To answer this, let's look at what the elements of $\mathbb{F}_{2^4}$ are: polynomials with coefficients in $\mathbb{F}_2$ that are reduced modulo $f(x)=x^4+x+1$. This reduction means that any power of $x$ greater than or equal to $x^4$ can be rewritten as a sum of smaller powers: in particular, $x^4=x+1$, and higher powers we can factor this $x^4$ out first. Using this, our elements are of the form $a_3x^3+a_2x^2+a_1x+a_0$, where each $a_j$ is either $0$ or $1$. Now, if we take an element of our field, say $g=0x^3+0x^2+1x+0=x$, we can compute powers of $g$ by repeated multiplication:
- $g^0=1$
- $g^1=x$
- $g^2=x^2$ and so on.
When we take higher powers, this starts getting interesting. For $g^4=x^4$, we can reduce our element mod $f(x)$, and we get $g^4=x+1$. We can continue from here and get $g^5=g\cdot g^4=x\cdot(x+1)=x^2+x$. At $g^7$, we have $x^4+x^3$,
which we once again reduce and get $x^3+x+1$; $g^8=x^4+x^2+x$ which reduces to $x^2+1$.

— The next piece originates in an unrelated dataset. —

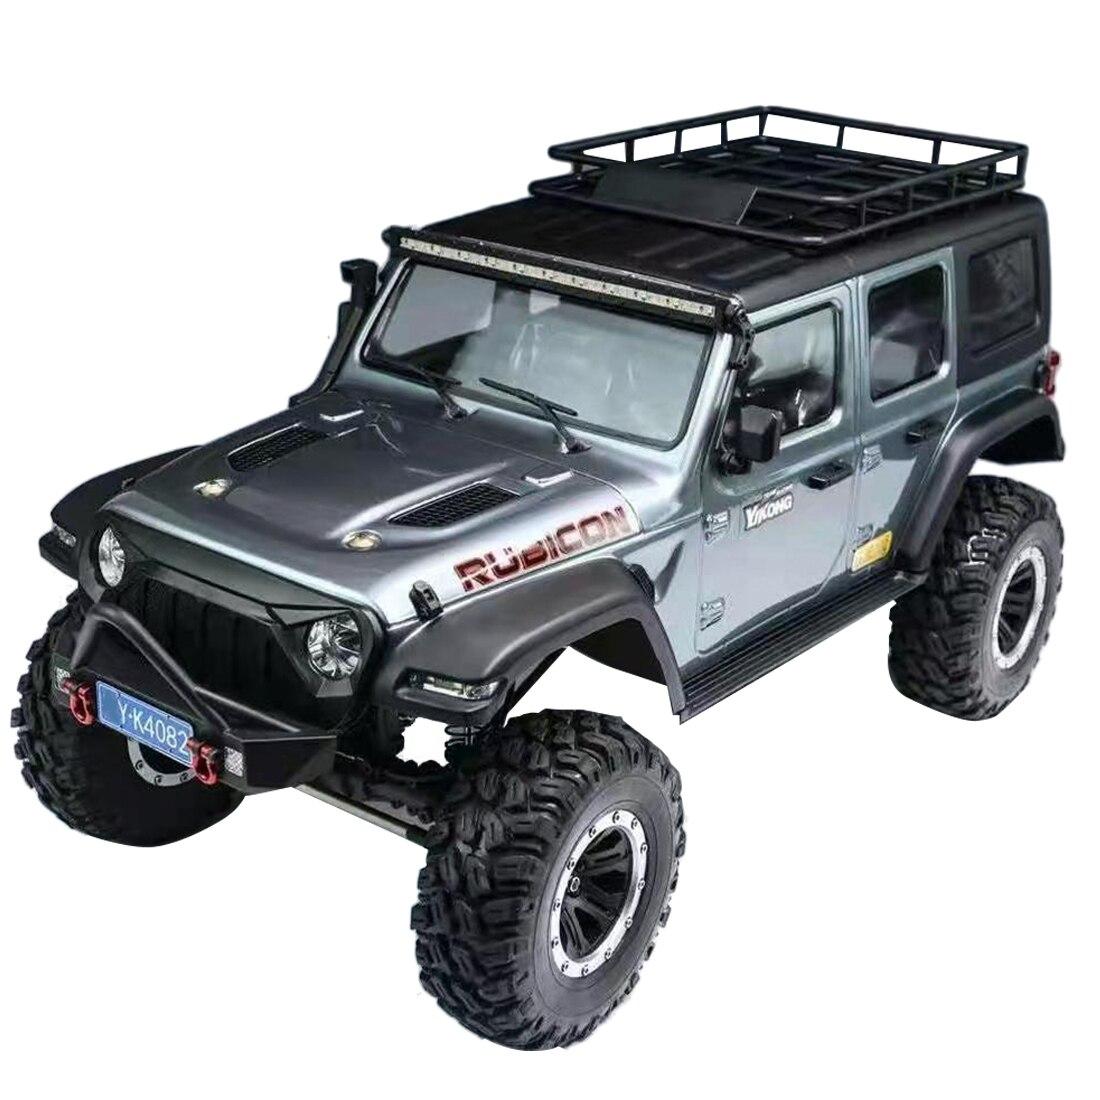 YK 4082 1/8 2.4G 4WD 6CH الكهربائية محاكاة RC سيارة الزاحف سيارة للطرق الوعرة لعبة مجسمة ل 14 +-gray

Your question asks how we can compute powers of a generator $g=(0010)$, so let's examine what the notation $(0010)$ means in this case. As mentioned above, our elements are of the form $a_3x^3+a_2x^2+a_1x+a_0$. We can identify this polynomial with its list of coefficients, $(a_3a_2a_1a_0)$, so that
$1=(0001)$, $x=(0010)$, $x+1=(0011)$, and so forth. In your particular example, you have $g=(0010)$, which is just $x$. Then $g^2=x^2$ like before, which converts to the list $(0100)$. So to calculate these, what we do is convert to polynomial form, do the polynomial arithmetic described above, and convert back to a list of coefficients.